The choice between click and hover depends on your specific use case and user experience goals. Hover provides immediate feedback and works well for preview functionality, while click events offer more deliberate selection behavior and better mobile compatibility. Many modern implementations use hover for previews and click for final selection.
For reference, you can examine our complete implementation in Desktop > Class Files > yourname-JavaScript jQuery Class > Done-Files > Product-Color-Chooser.

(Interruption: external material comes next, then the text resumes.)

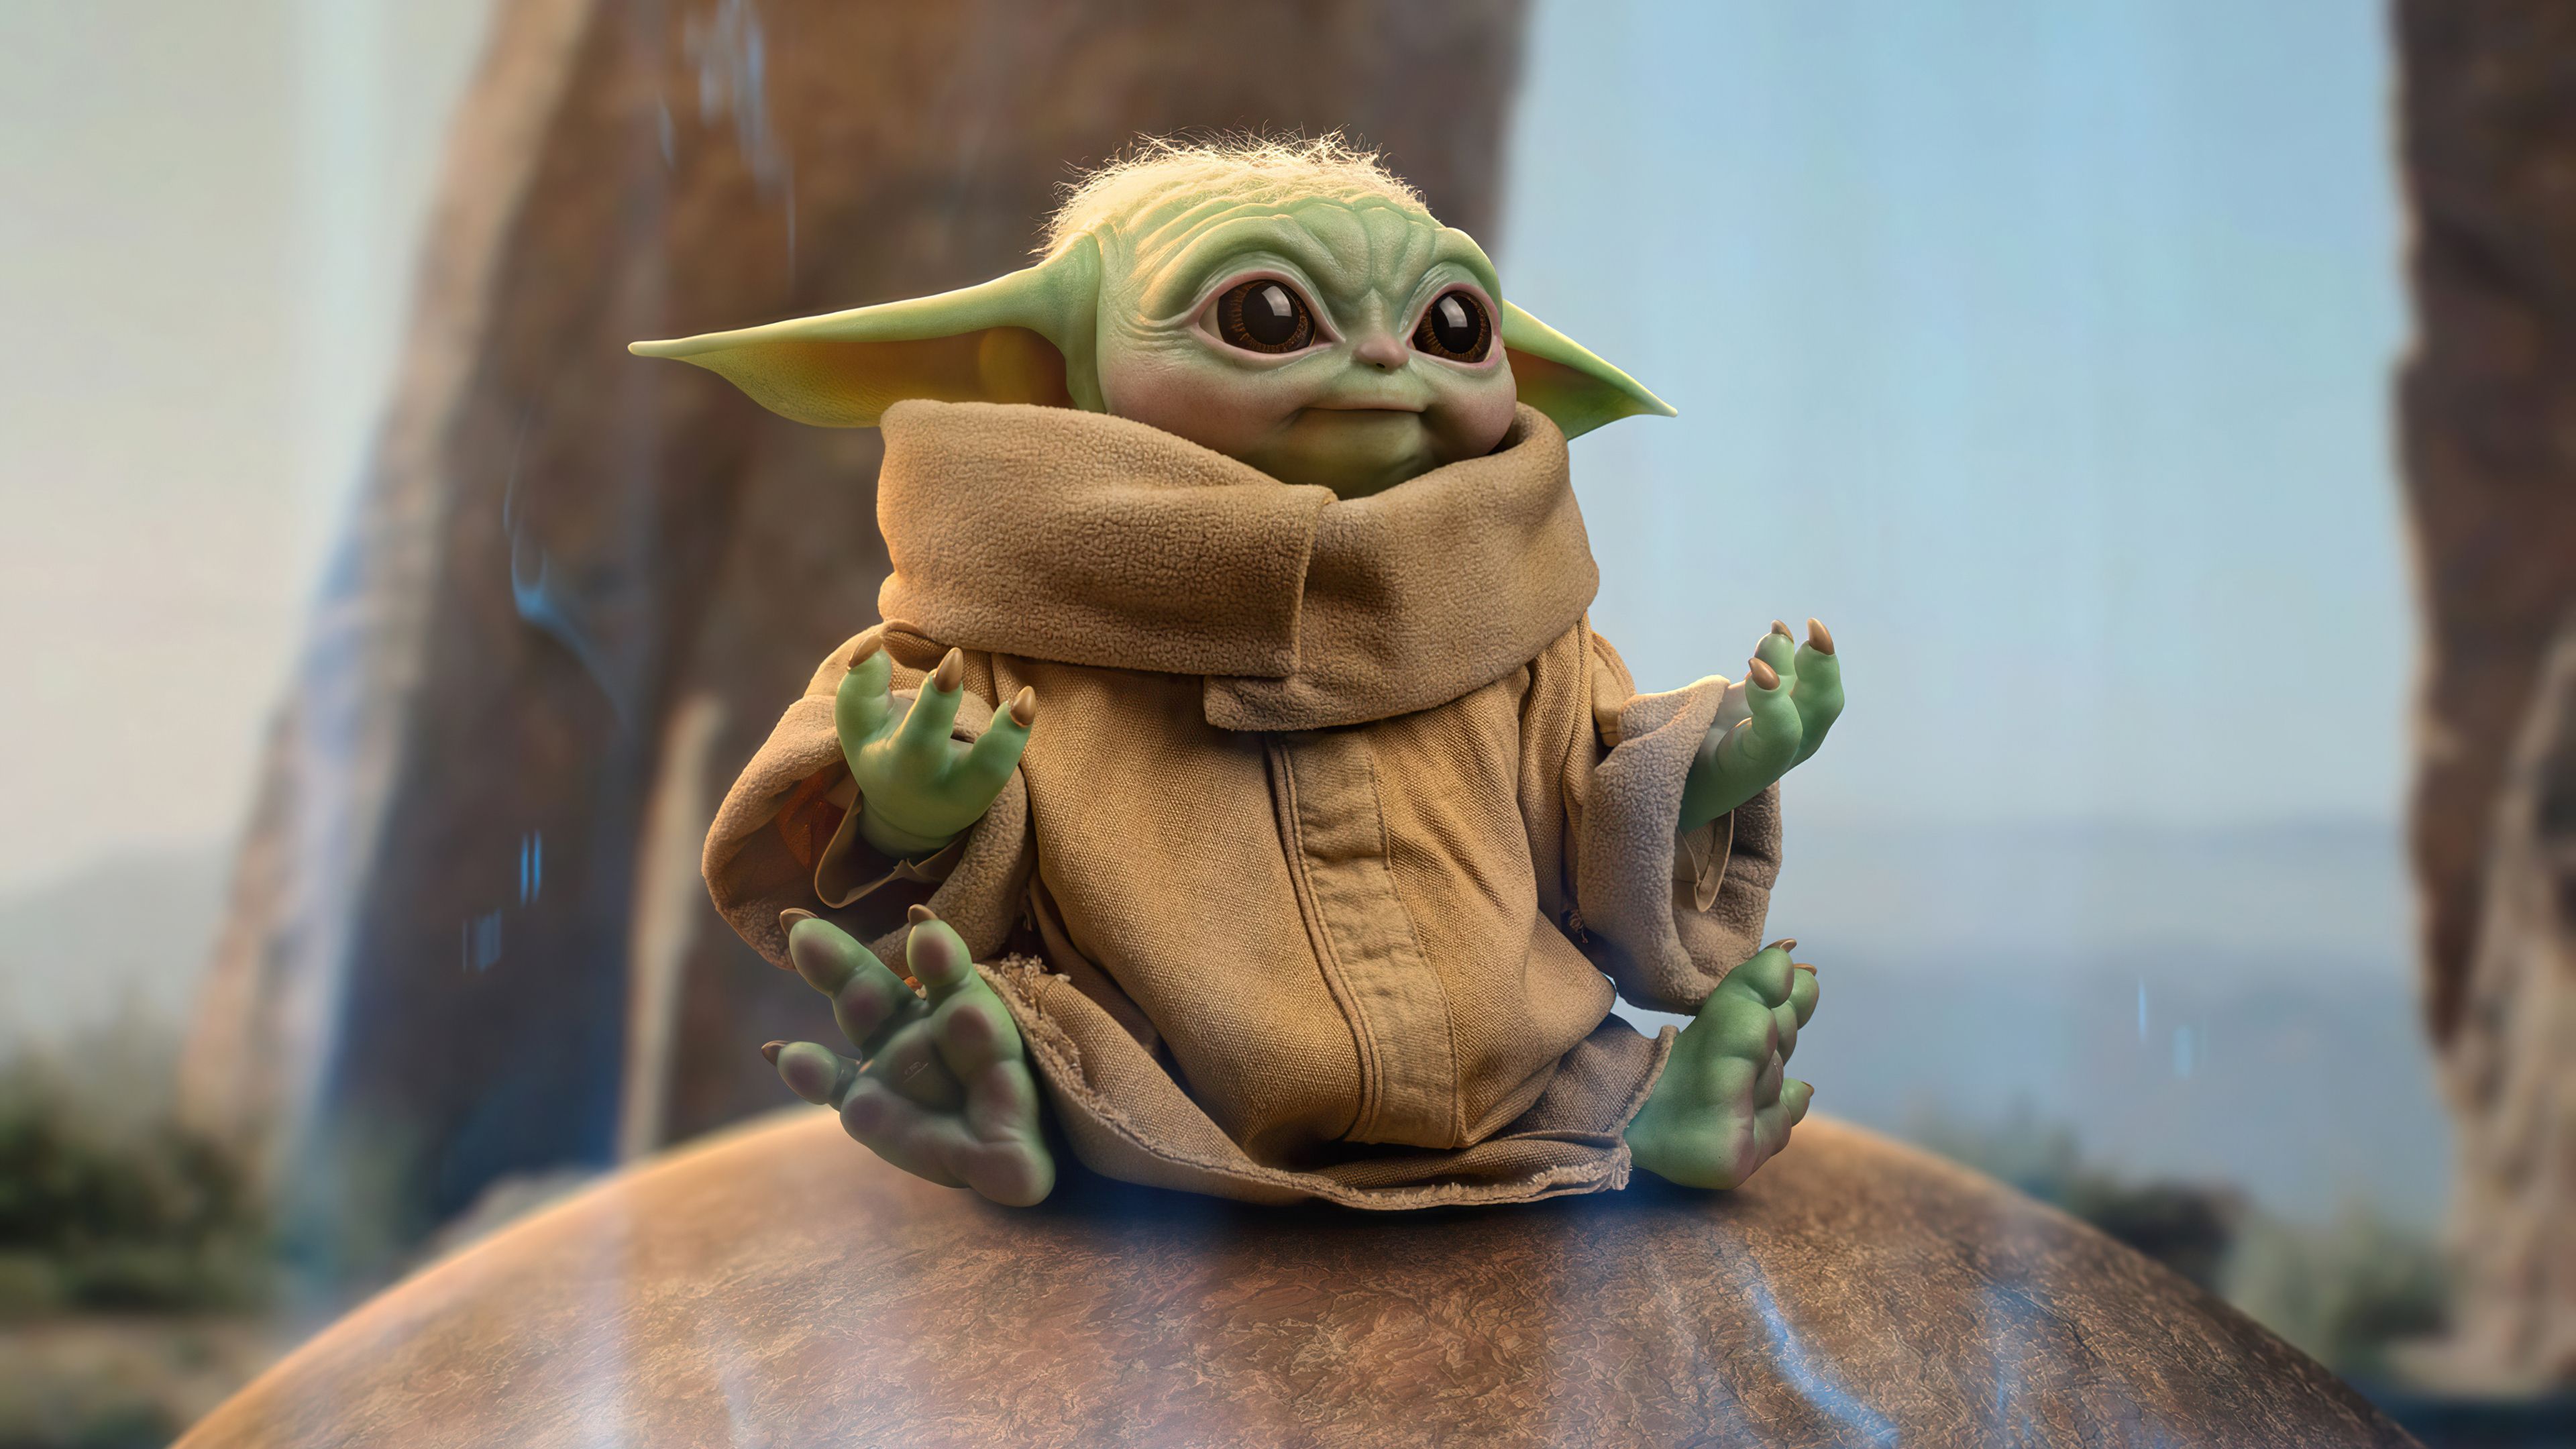  Baby Yoda Hintergrundbild 3840x2160. Baby Yoda Grogu Star Wars 2021 Wallpaper, HD TV Series 4K Wallpaper, Image, Photo and Background

Click vs Hover Event Handling
| Feature | Click Event | Hover Event |
|---|---|---|
| User Action | Deliberate click required | Mouse movement triggers |
| User Intent | Confirms selection | Previews option |
| Mobile Experience | Touch-friendly | Not available on touch devices |
| Implementation | .click(function(){}) | .hover(function(){}) |
Changing from click to hover requires only one word modification, demonstrating the power of well-structured jQuery event handling. This flexibility allows for rapid prototyping and A/B testing of user interactions.